Technorati Tags: biometrics
Fingerprint authentication in at a door is attractive because of convenience, not security (remember the case of the Scottish jail that had to turn off it’s new fingerprint access control system because prisoners could fool it at will). But so far as customer convenience is concerned, there is a significant limitation on such biometrics. It is one thing to use your fingerprint in a bank branch or social security office — where the device is under supervision and might reasonably be assumed to have not been tampered with — and quite another to use your fingerprint at a device in an insecure location (eg, a petrol station), a device that may have been subverted by criminals trying to capture fingerprints.
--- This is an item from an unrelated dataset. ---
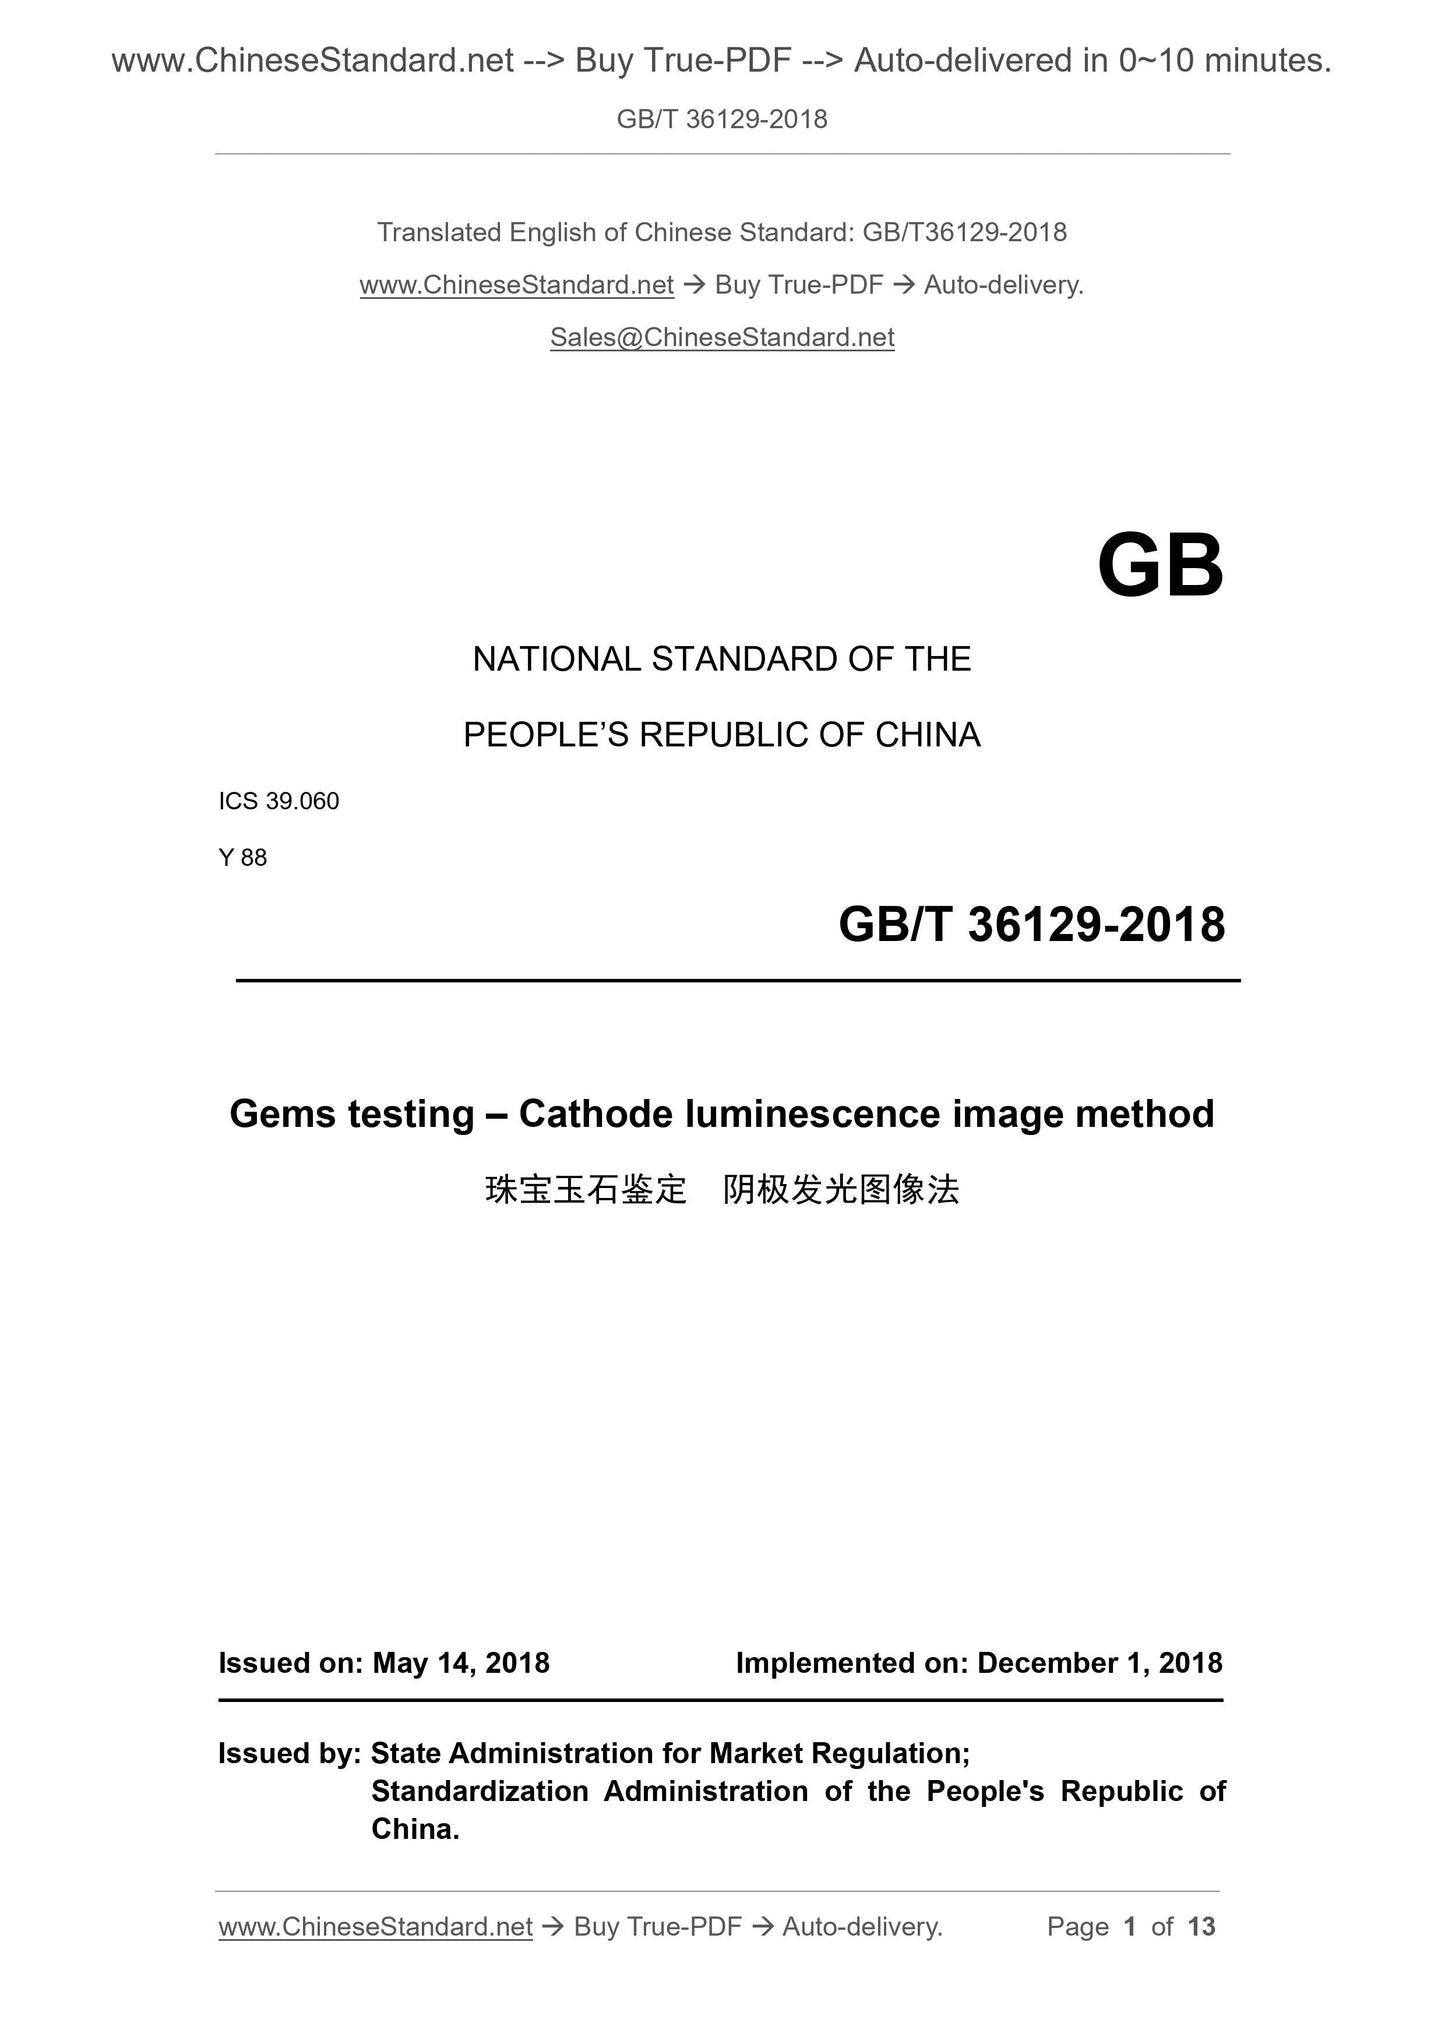 GB/T 36129-2018 Page 1
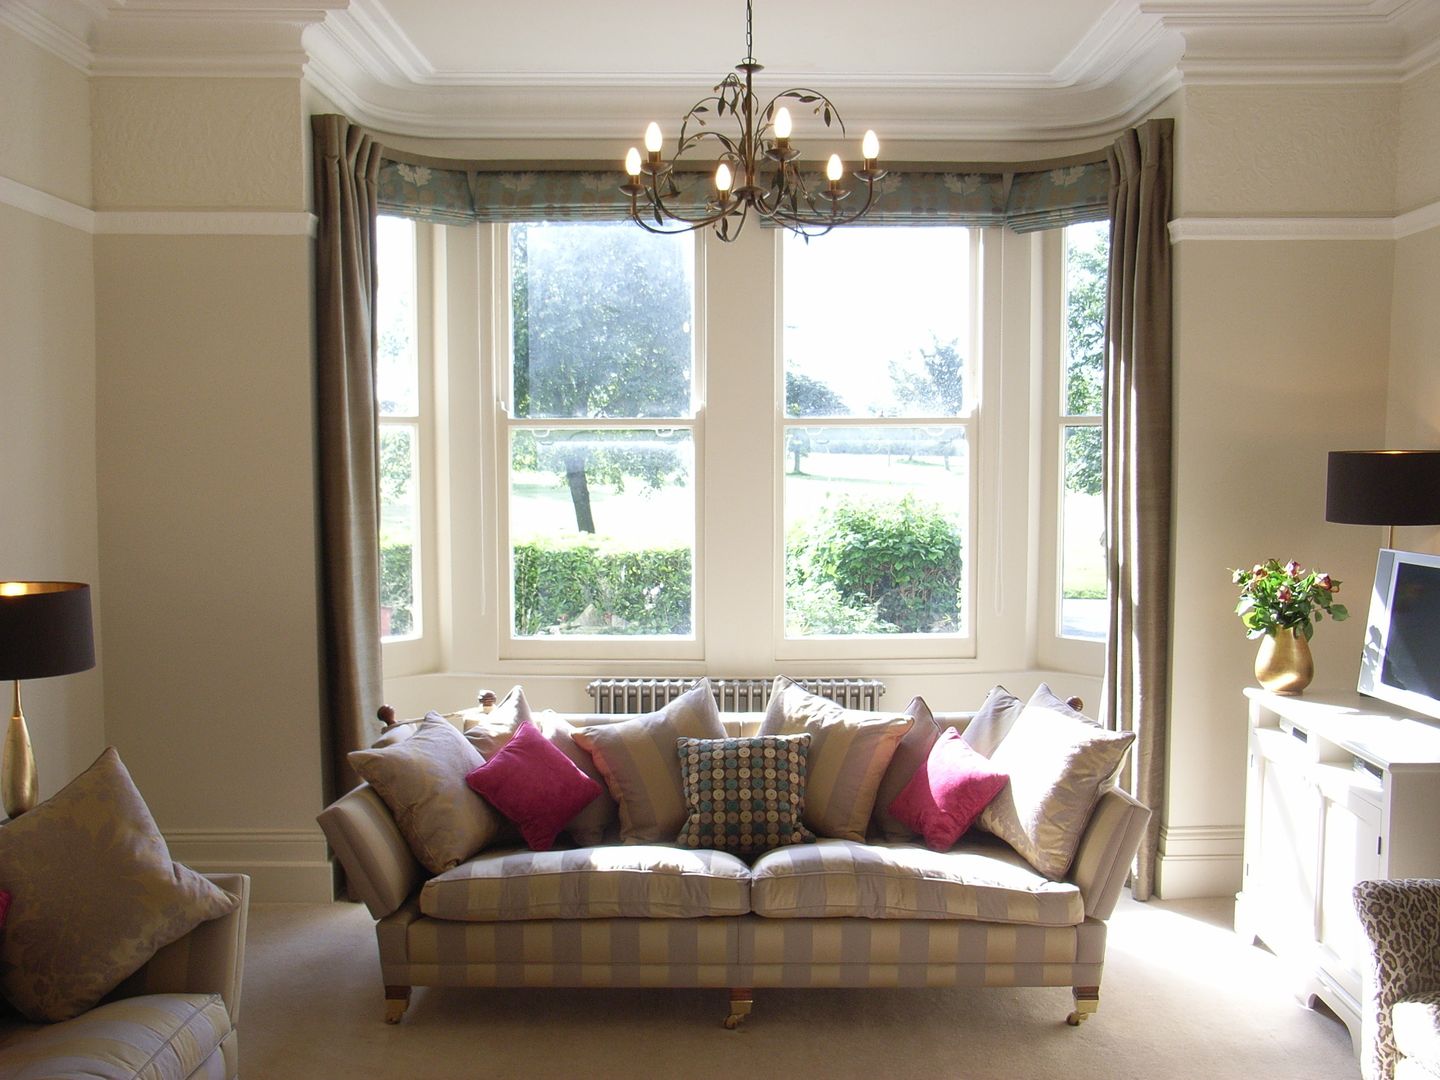 Classic View of Contemporised Victorian Living Room homify Living room large bay window,roman blinds,dress curtains,victorian home,victorian property,classic sofa,large sofa,taupe colour scheme,pink accents,living room decor,living room furnish

Using your fingerprint at home is a non-starter for the time being. Apart from the issue of coercion, the fact is that PCs are very insecure and there is no possibility of trusting them or anything connected to them. If a fingerprint reader attached to my PC tells the bank that my finger is on it, how does the bank know whether that is true or whether the reader has been tampered with? It may be replaying my fingerprint when actually a criminal is logging in.
One factor authentication in these circumstances is a bad idea, whether the one factor is a fingerprint or a password. Two factor authentication, especially two factor authentication where one of the factors is tamper-resistant hardware (eg, a smart card) and the other factor is a convenient biometric (eg, a voice print) might be an optimal combination.